Digital Video Recording System (DVRS)

The provided text discusses regulatory approval for a Digital Video Recording System (DVRS) and its intended use, but it does not contain any information regarding acceptance criteria or a study proving the device meets those criteria.

The document is a 510(k) clearance letter from the FDA, which signifies that the device is substantially equivalent to a legally marketed predicate device. This process primarily focuses on demonstrating equivalence in terms of safety and effectiveness, rather than presenting a detailed study proving performance against specific acceptance criteria.

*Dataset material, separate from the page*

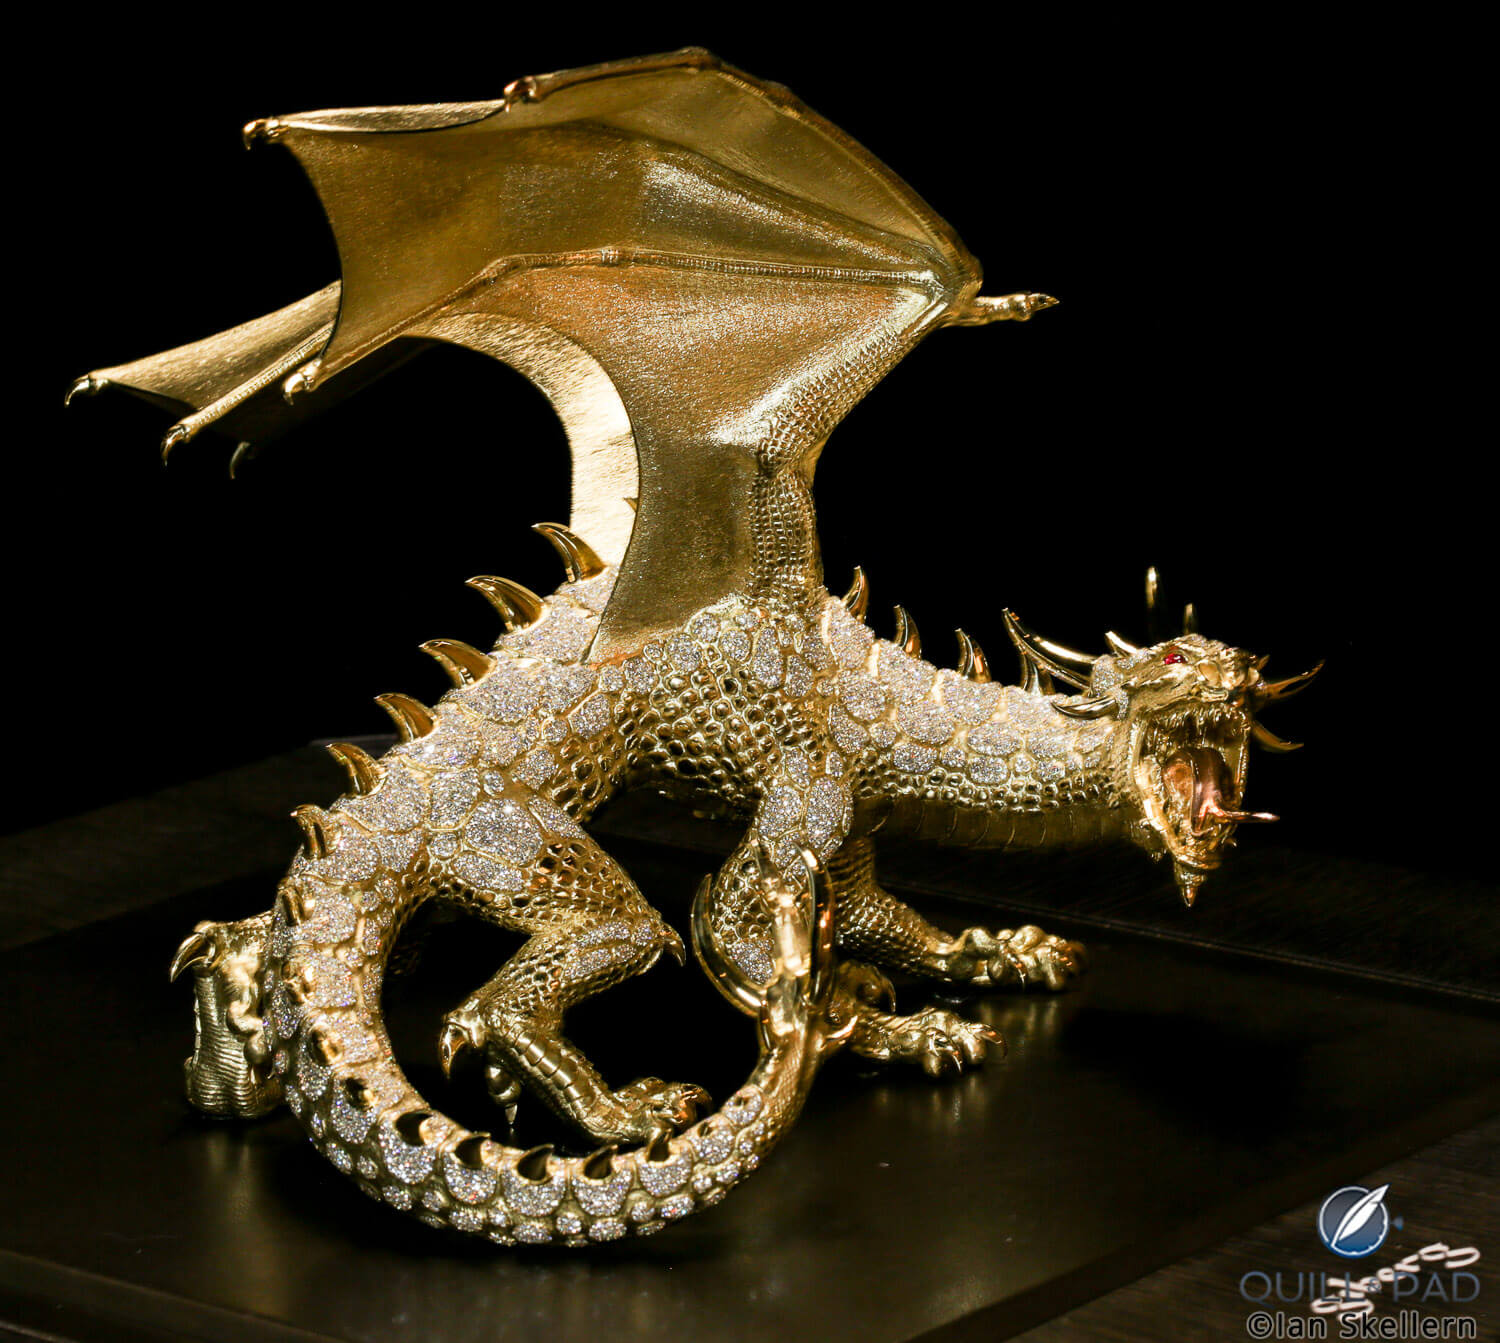 Ahton dragon by Giberg

Therefore, I cannot provide the requested information. The text does not include:

1. A table of acceptance criteria and reported device performance.
2. Sample size used for the test set or data provenance.
3. Number of experts and their qualifications for ground truth establishment.
4. Adjudication method.
5. Information on any Multi-Reader Multi-Case (MRMC) comparative effectiveness study or effect size.
6. Details about a standalone (algorithm only) performance study.
7. Type of ground truth used.
8. Sample size for the training set.
9. How ground truth for the training set was established.

The document merely states the intended use of the DVRS for "viewing, acquiring, archiving and retrieving video images of endoscopic and fluoroscopic procedures" and that it is for use by "medical doctors or clinicians such as speech pathologists."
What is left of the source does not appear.